23 endpoints, one key, 80 ms median overhead
ByteSpike fans out to 23 model endpoints across image, video, text, and async-job categories — through a single Anthropic-shape API. The interesting question isn't routing; it's the latency budget. Here's how we keep gateway median overhead under 80 ms while still doing OAuth pool stickiness, retry semantics, and per-request quota math.
The budget
When a user calls ByteSpike, we have to do four things before the upstream provider sees the request: validate the key + read the org's quota, pick a sticky OAuth-pool slot, attach observability headers, and serialize the request body to the upstream's specific shape (Anthropic Messages → OpenAI Chat Completions transparency layer, etc.). Then on the way back out: read response headers, increment per-request usage, hash for cache, and reserialize.
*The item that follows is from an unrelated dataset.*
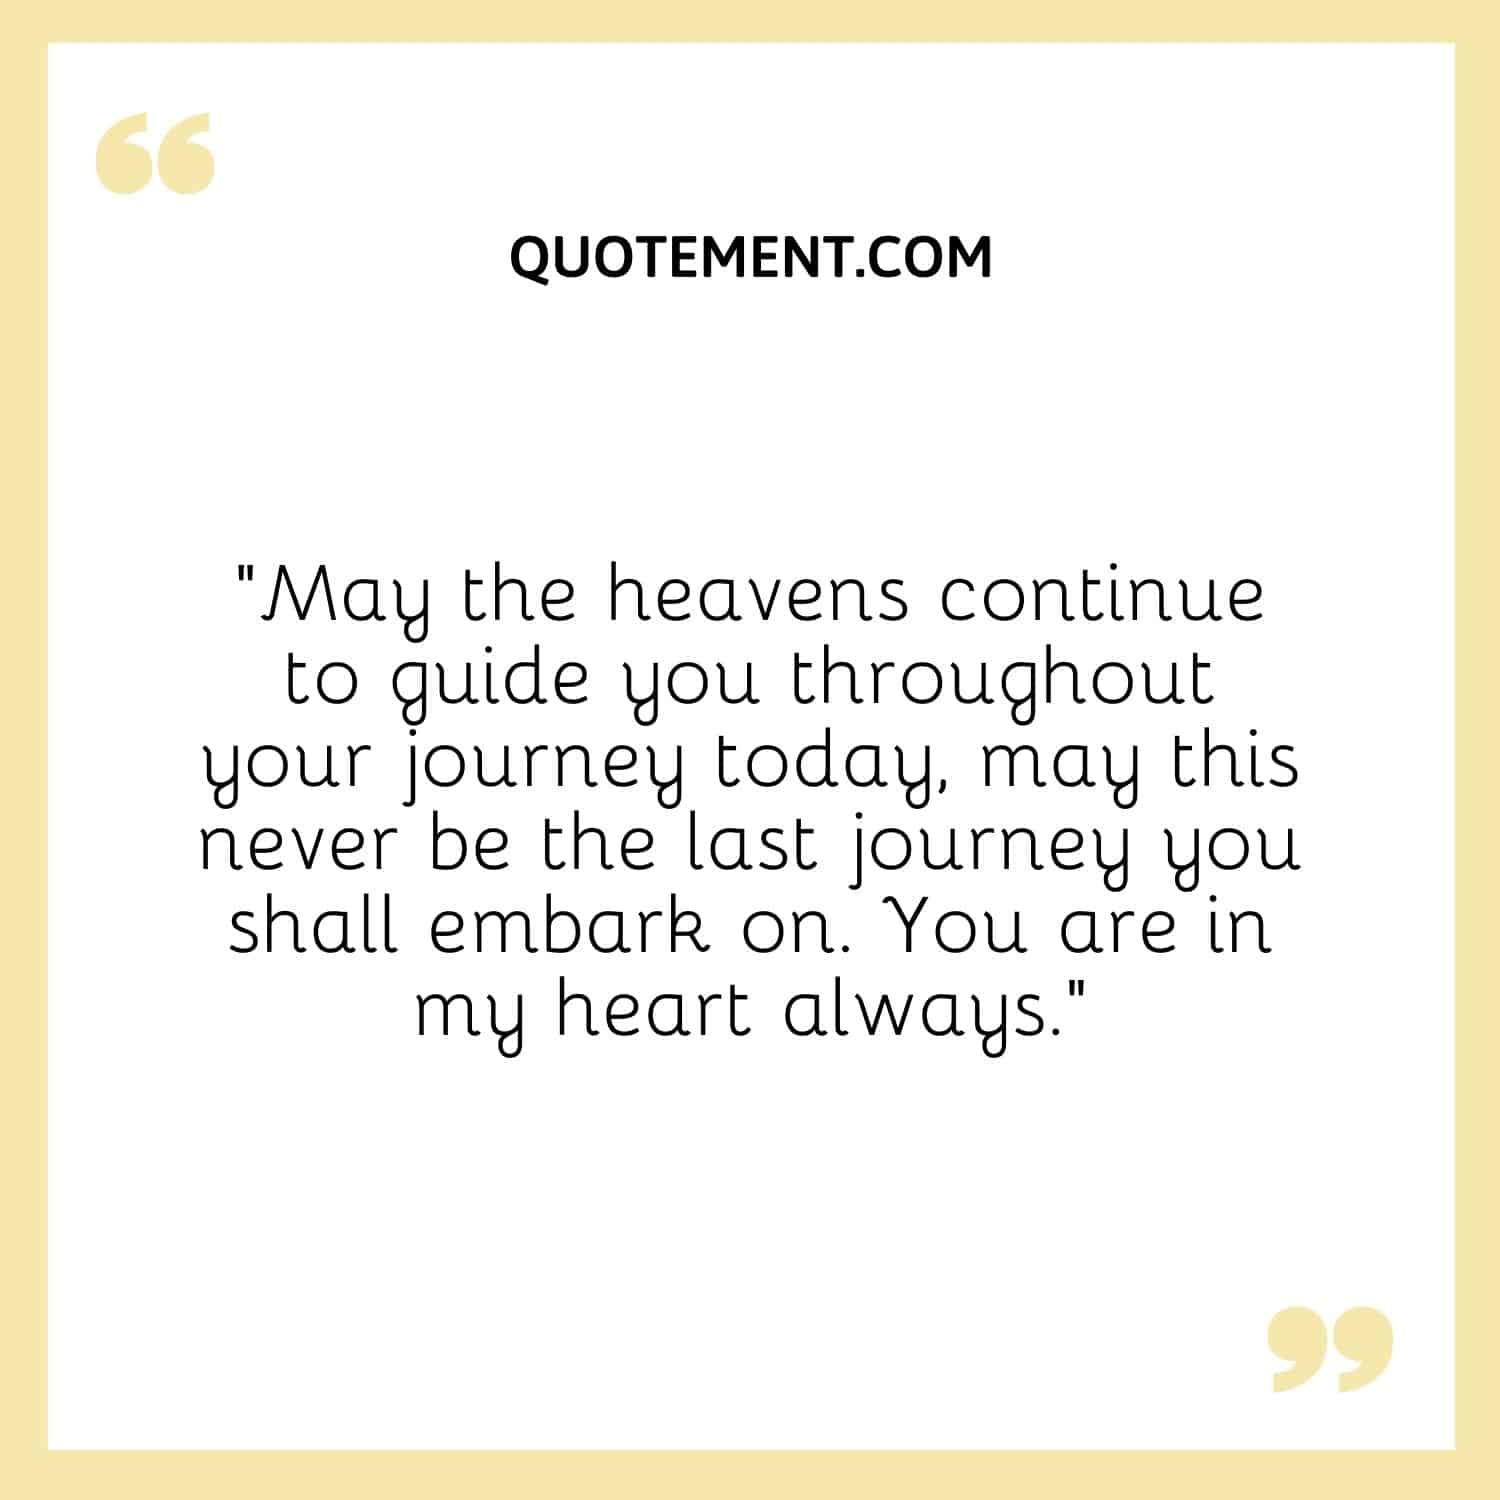 May the heavens continue to guide you throughout your journey today,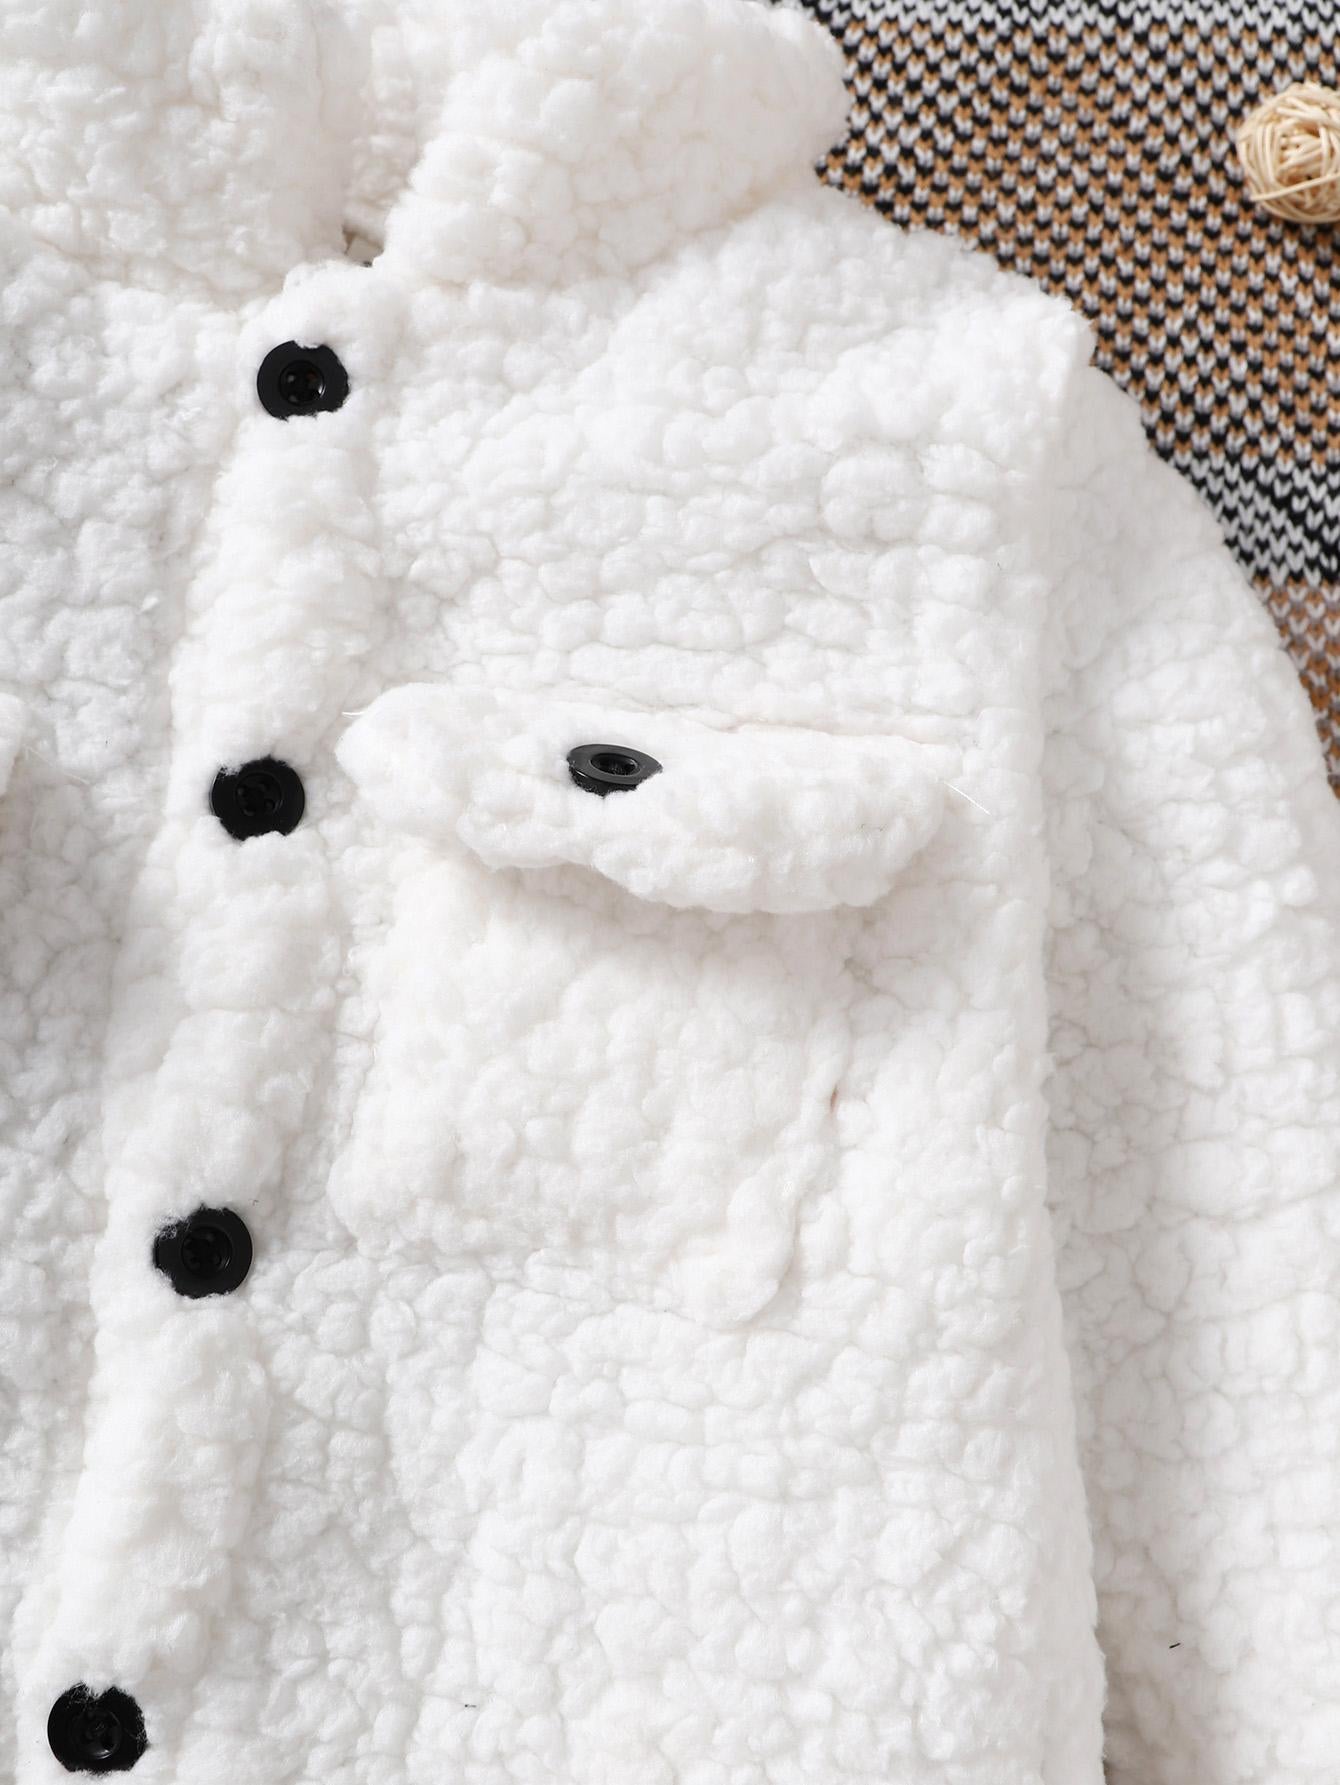 3-7Y Baby Girls Coat Turn-down Collar Winter Long Sleeve Fluffy One Piece Clothes White Catpapa  212206003

Total budget: 80 ms median. Real upstream latency for a typical Claude Sonnet TTFB is 600-1200 ms — so 80 ms is a 7-13% tax. We chose the number after benchmarking three competing gateways and finding the median tax was 130-220 ms. We thought we could do better.
Where the milliseconds went
- Connection pool warmth: ~20 ms saved by keeping per-upstream HTTP/2 connections alive across requests. The first hit to a cold pool member takes that hit; everyone after rides cache.
- Quota math at the edge: the org-level wallet read is the heaviest synchronous step. We pin it to a hot Redis replica colocated with the gateway pod and hold a 30-second-TTL local cache for sub-second checks.
- Sticky pool selection: rather than re-balance per request, we hash the user_id into a pool slot and only re-shard on slot health changes. That trades fairness for predictable latency, and we'd take that trade again.
- Streaming reserialize: we don't buffer the response. Bytes from the upstream get reframed inline (Anthropic SSE → OpenAI SSE if needed) and forwarded. The transformer is a small state machine, not a JSON parser.
Where the milliseconds didn't go
We don't run the request body through a generic gateway. There's no plugin chain, no middleware soup, no schema validator that re-parses every JSON field. Every line of pre-upstream code has a measured contribution to the 80 ms budget. Anything that didn't pull its weight got cut.
What this enables
estimated_credits headers returned at submit time, not after streaming completes. Failure refunds processed inline (5xx → release reserved credits before the response leaves the gateway). Per-model retry semantics that match each upstream's published policy. None of this would fit in a 220 ms budget; it all does in 80.
If you're shipping anything time-sensitive against frontier models, the gateway tax matters more than people think. We're going to keep grinding it down.